Fintech trend three: a fulfilling future for finance professionals

 Fintech innovation has also fundamentally transformed the overlapping fields of accountancy, bookkeeping, and spend management. Data clouds and machine learning now allow for unfathomable quantities of data to be processed in seconds, without human error and all the risks that come with it.

 As a result of its value for companies of all sizes, from sole traders to SMEs to multinational corporations, the accountancy software market is vast, valued at $12.1 billion and expected to grow to $19.6 billion by 2026. In the UK, the gradual rollout of Making Tax Digital — which is introducing mandatory digital accounting records — is both a reaction and incentivisation to adopt cloud-based technology, simplifying and standardising processes for both businesses and HMRC.

 Major players in enterprise software include Sage (the second largest technology company in the UK) and New Zealand-based Xero but there is still plenty of space in the market for fintech startups to rise and thrive.

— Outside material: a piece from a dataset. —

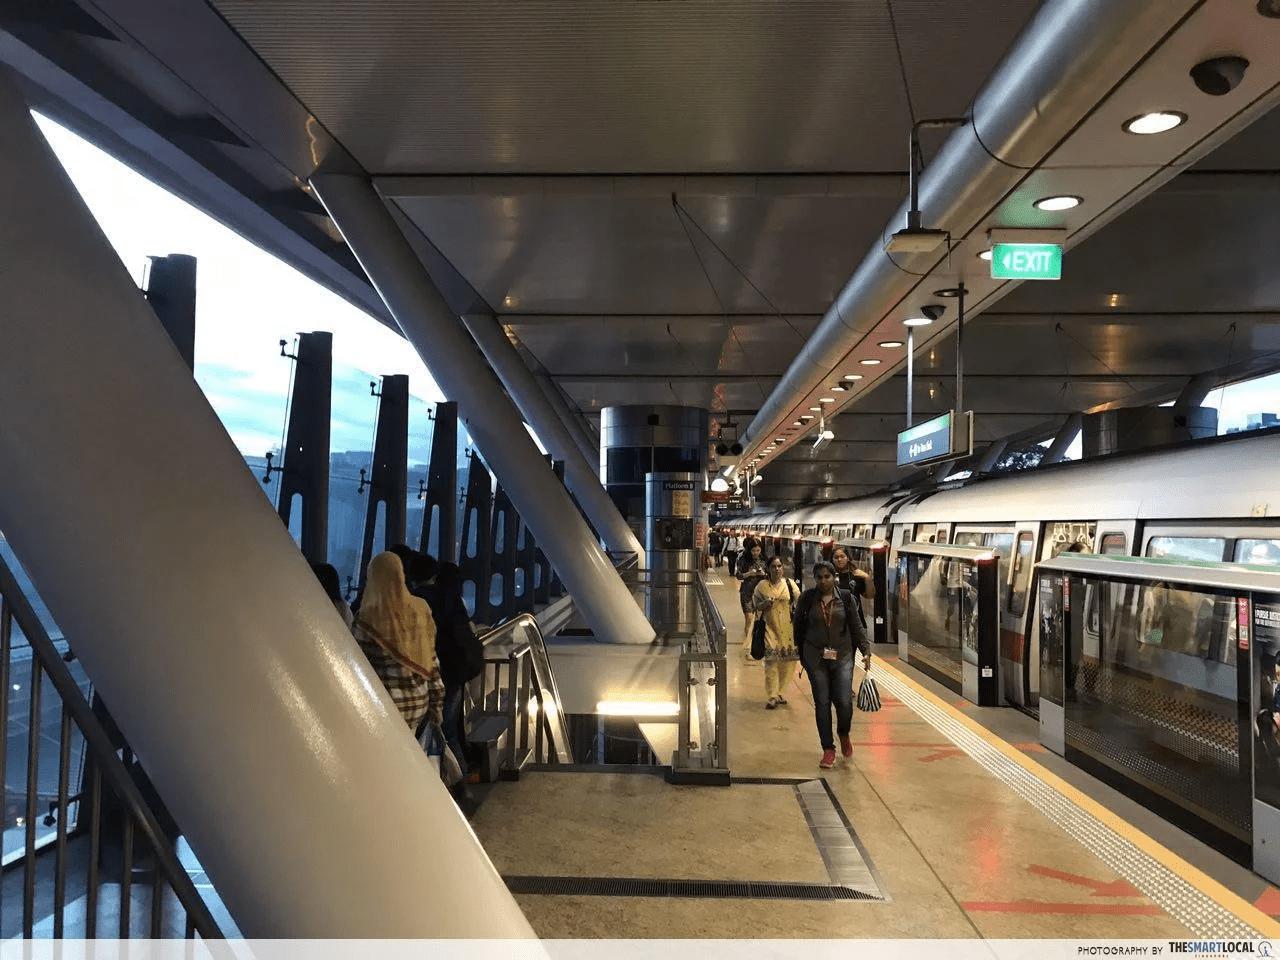 No MRT

 Reading-based fintech startup Clarity integrates with Sage and Xero to provide accountants, bookkeepers, and advisers with tools to measure their clients’ current and potential standing, as well as structured, actionable financial advice. On the expenses side, spend management software and French fintech unicorn Spendesk utilises an ‘e-wallet’ system that allows companies to load money, distribute company credit cards, set limits, and track spending.

 While graphs pointing upwards are exciting, the most significant impact fintech has had on financial professionals is cultural and will be felt for years to come. By automating time consuming processes such as data entry and audits, finance workers have shifted towards more qualitative roles; providing consultation and strategy for company growth rather than simply doing the books. It will be fascinating to see what new roles and responsibilities will emerge from this newly empowered generation of finance professionals.

 Across banking, crypto, and professional services, the fintech trends of 2022 show multiple areas of fast development, sparking enthusiasm among customers, innovators, and investors. Financial technology’s ground is fertile for established companies to grow and for market entrants to bloom into fresh new trailblazers.